Advanced Topics in MPI

Overview

Teaching: 0 min
Exercises: 60 min

Questions

How to use collective operations on MPI

Objectives

Learn about collective operations with MPI

More Collectives: Scatter and Gather

Collective Communications

The MPI_Bcast and MPI_Reduce operations have more complex analogs that are very useful in a variety of algorithms. Just like MPI_Bcast and MPI_Reduce, the benefit of using these routines, instead of point-to-point messages, is not only syntactical convenience but also much better efficiency. They allow for swaths of data to be distributed from a root process to all other available processes, or data from all processes can be collected at one process. These operators can eliminate the need for a surprising amount of boilerplate code via two functions: Keep in mind that these are called “collective” because every PE in the communicator must call these routines at the same time. Let’s take a look at the basic idea, and then we’ll see the wide variety of related routines.

USE mpi_f08
MPI_Scatter(sendbuf, sendcount, sendtype, recvbuf, recvcount, recvtype,
        root, comm, ierror)
    TYPE(*), DIMENSION(..), INTENT(IN) :: sendbuf
    TYPE(*), DIMENSION(..) :: recvbuf
    INTEGER, INTENT(IN) :: sendcount, recvcount, root
    TYPE(MPI_Datatype), INTENT(IN) :: sendtype, recvtype
    TYPE(MPI_Comm), INTENT(IN) :: comm
    INTEGER, OPTIONAL, INTENT(OUT) :: ierror

MPI_Gather(sendbuf, sendcount, sendtype, recvbuf, recvcount, recvtype,
        root, comm, ierror)
    TYPE(*), DIMENSION(..), INTENT(IN) :: sendbuf
    TYPE(*), DIMENSION(..) :: recvbuf
    INTEGER, INTENT(IN) :: sendcount, recvcount, root
    TYPE(MPI_Datatype), INTENT(IN) :: sendtype, recvtype
    TYPE(MPI_Comm), INTENT(IN) :: comm
    INTEGER, OPTIONAL, INTENT(OUT) :: ierror    

In order to get a better grasp on these functions, let’s go ahead and create a program that will utilize the scatter function. Note that the gather function (not shown in the example) works similarly, and is essentially the converse of the scatter function. Further examples which utilize the gather function can be found in the MPI tutorials listed as resources at the beginning of this document.

Example of Scatter

This example shows how to spread the values of a 2 dimensional array across multiple processes

program scatter
   use mpi_f08

   integer, parameter :: nsize = 8
   integer :: numtasks, rank, sendcount, recvcount, source, ierr
   real, allocatable ::  sendbuf(:, :), recvbuf(:)

   call MPI_INIT(ierr)
   call MPI_COMM_RANK(MPI_COMM_WORLD, rank, ierr)
   call MPI_COMM_size(MPI_COMM_WORLD, numtasks, ierr)

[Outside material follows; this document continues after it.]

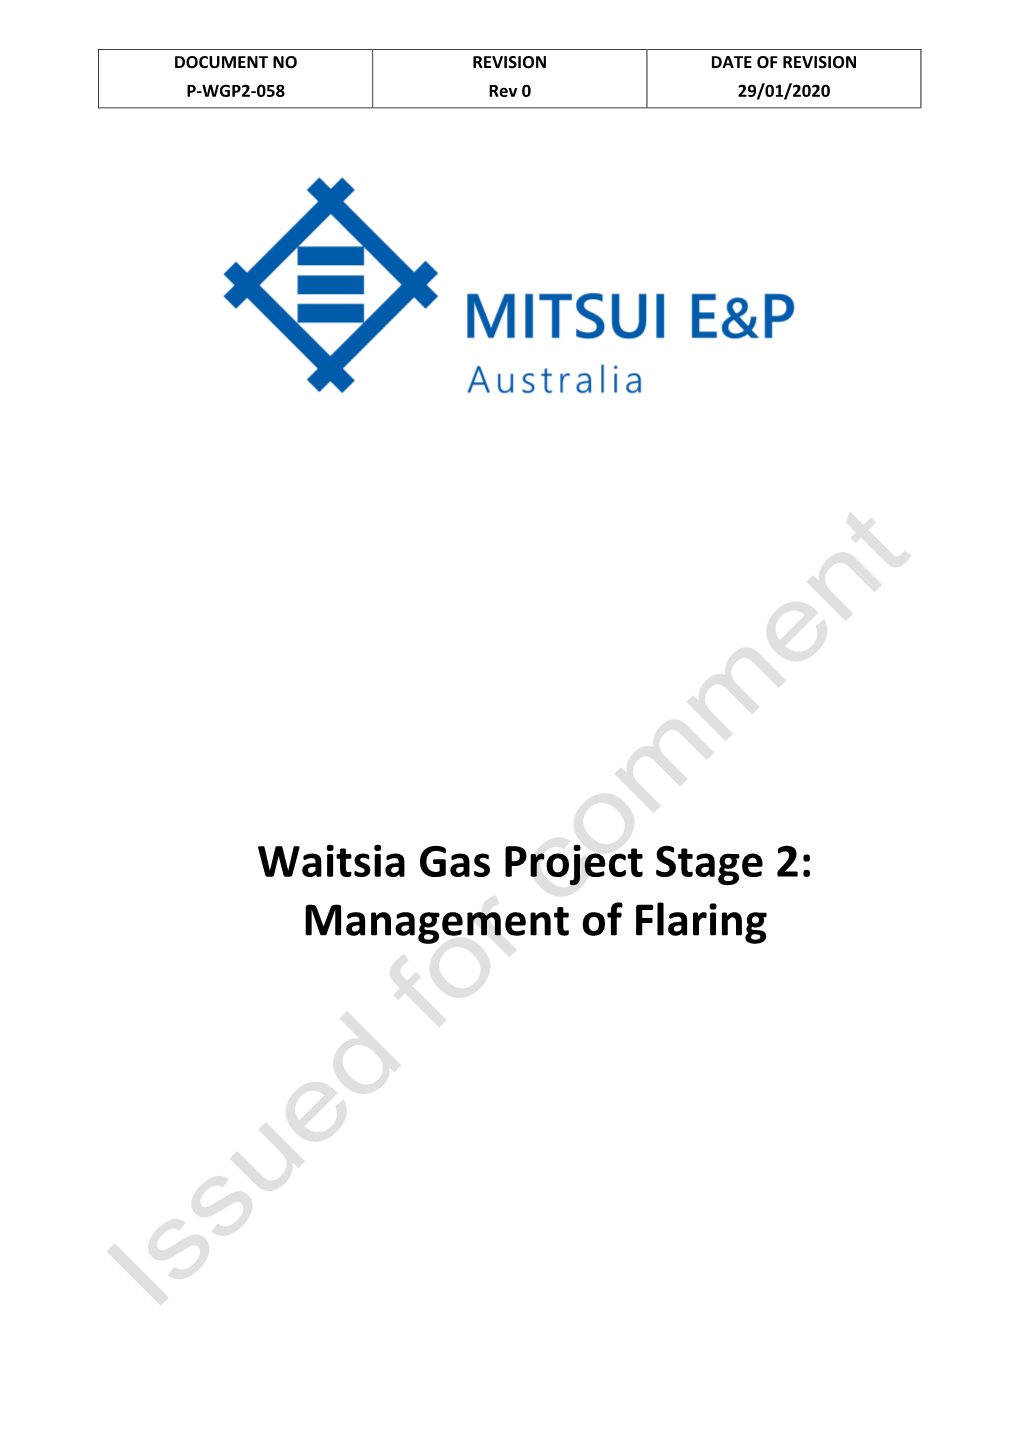 Waitsia Gas Project Stage 2: Management of Flaring

   allocate (sendbuf(nsize, numtasks))
   allocate (recvbuf(nsize))
   sendbuf = reshape([(i, i=1, nsize*numtasks)], [nsize, numtasks])

   if (rank == 0) then
      print *, ''
      print *, 'Original array to be distributed:'
      do i = 1, numtasks
         print *, sendbuf(:, i)
      end do
      print *, ''
   end if

   call MPI_BARRIER(MPI_COMM_WORLD)

   source = 1
   sendcount = nsize
   recvcount = nsize
   call MPI_SCATTER(sendbuf, sendcount, MPI_REAL, recvbuf, recvcount, MPI_REAL, &
                    source, MPI_COMM_WORLD, ierr)

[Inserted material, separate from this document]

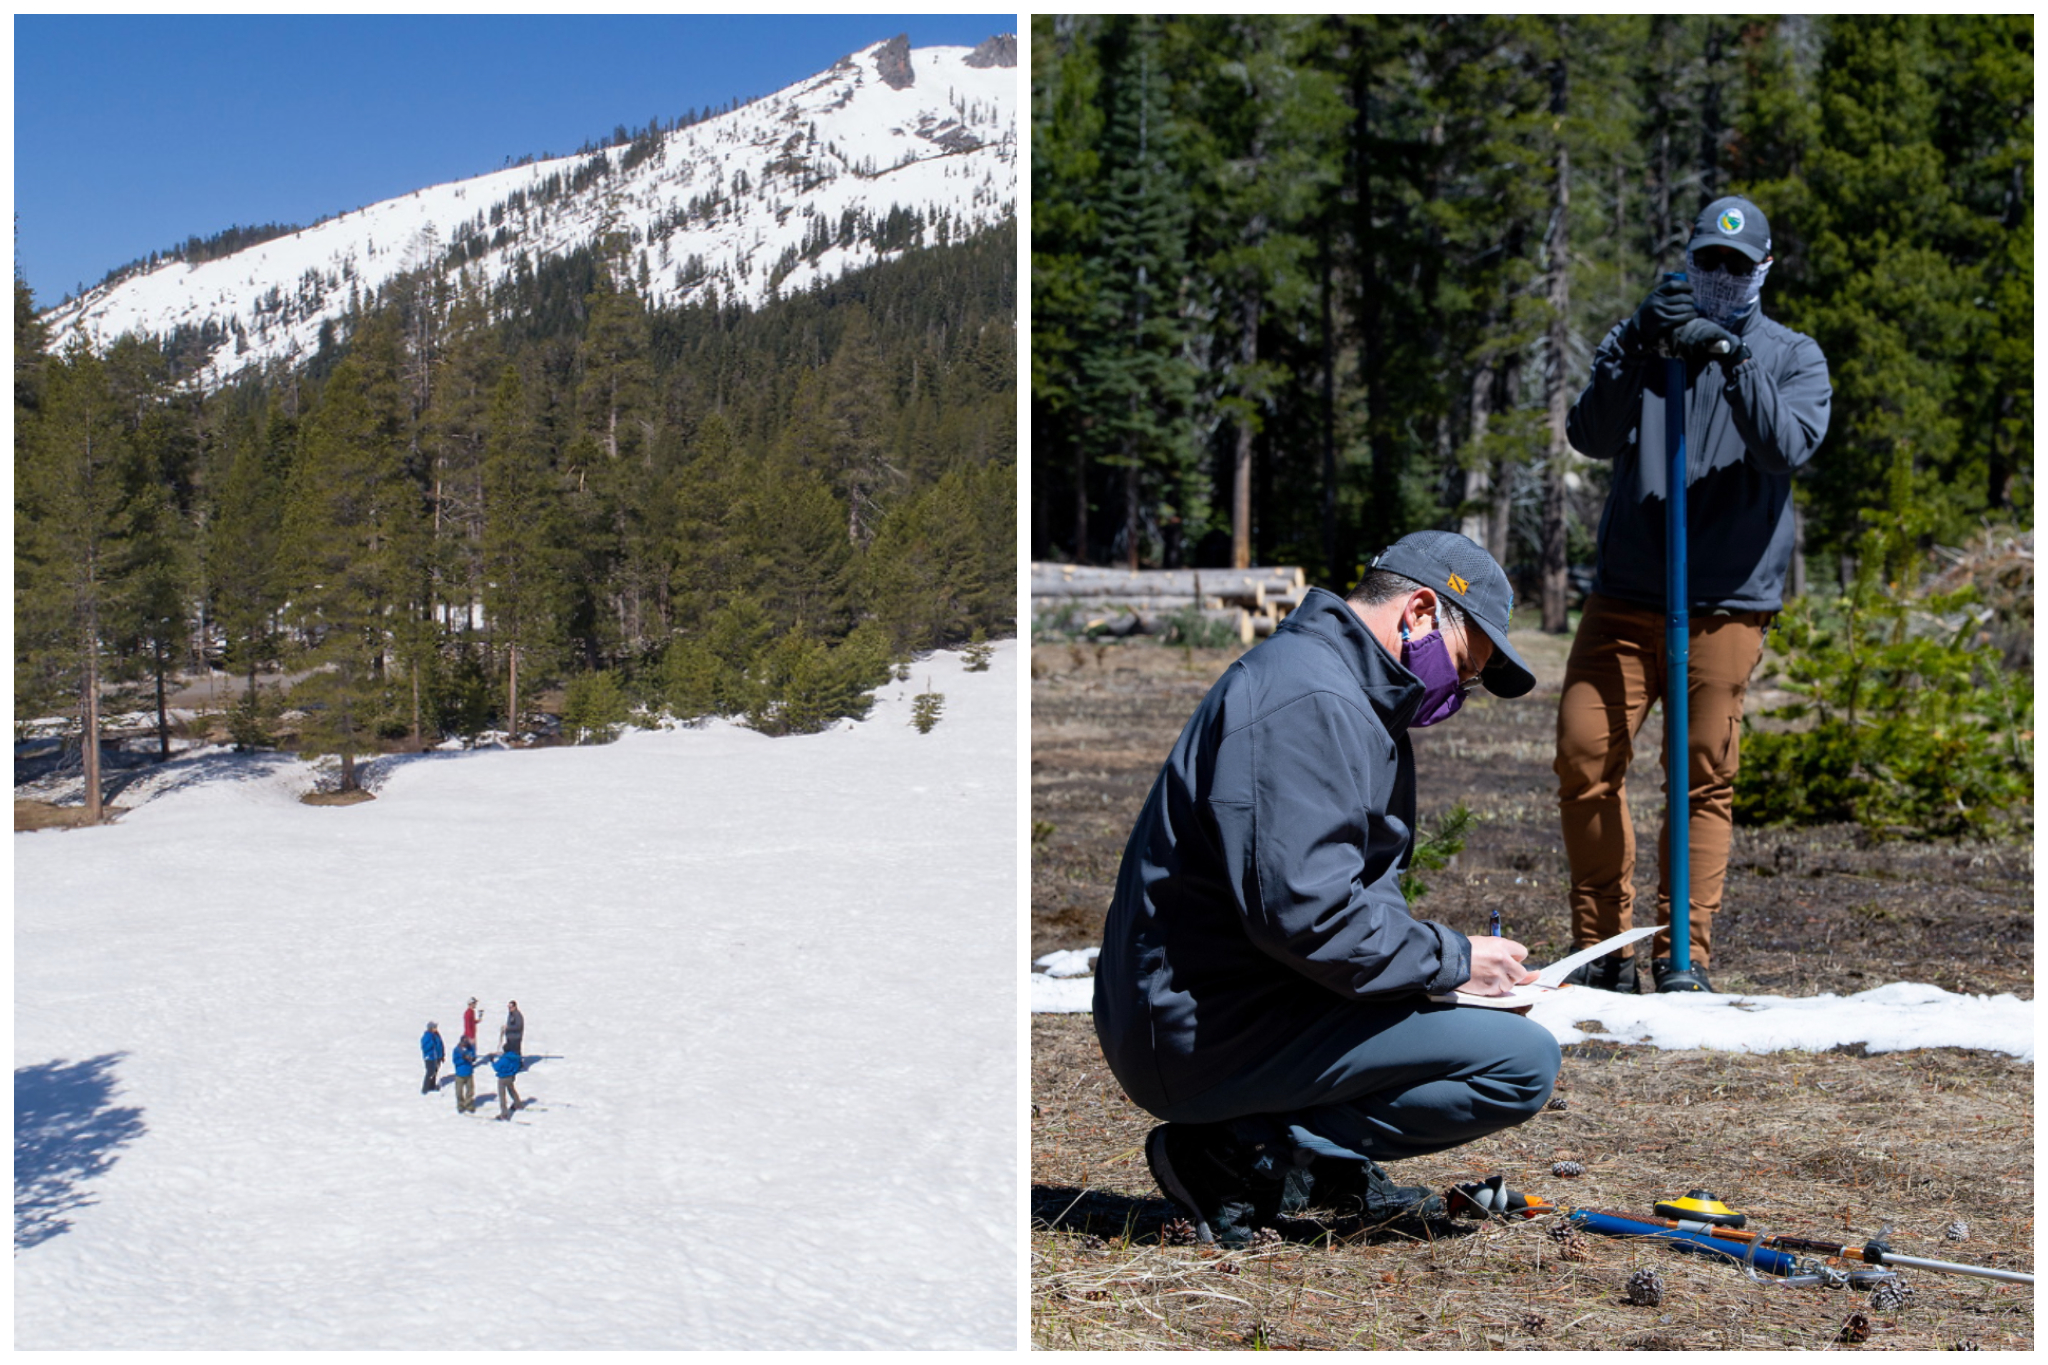 Sierra snow pack is 3% of May average: Here's what that means - SF Gate

   print *, 'rank= ', rank, ' recvbuf: ', recvbuf

   call MPI_FINALIZE(ierr)

   deallocate (sendbuf, recvbuf)

end program

Group and Communicator Management Routines

Groups and Communications

Groups and Communicators

A group is an ordered set of processes. Each process in a group is associated with a unique integer rank. Rank values start at zero and go to N-1, where N is the number of processes in the group. In MPI, a group is represented within system memory as an object. It is accessible to the programmer only by a “handle”. A group is always associated with a communicator object.

A communicator encompasses a group of processes that may communicate with each other. All MPI messages must specify a communicator. In the simplest sense, the communicator is an extra “tag” that must be included with MPI calls. Like groups, communicators are represented within system memory as objects and are accessible to the programmer only by “handles”. For example, the handle for the communicator that comprises all tasks is MPI_COMM_WORLD.

From the programmer’s perspective, a group and a communicator are one. The group routines are primarily used to specify which processes should be used to construct a communicator.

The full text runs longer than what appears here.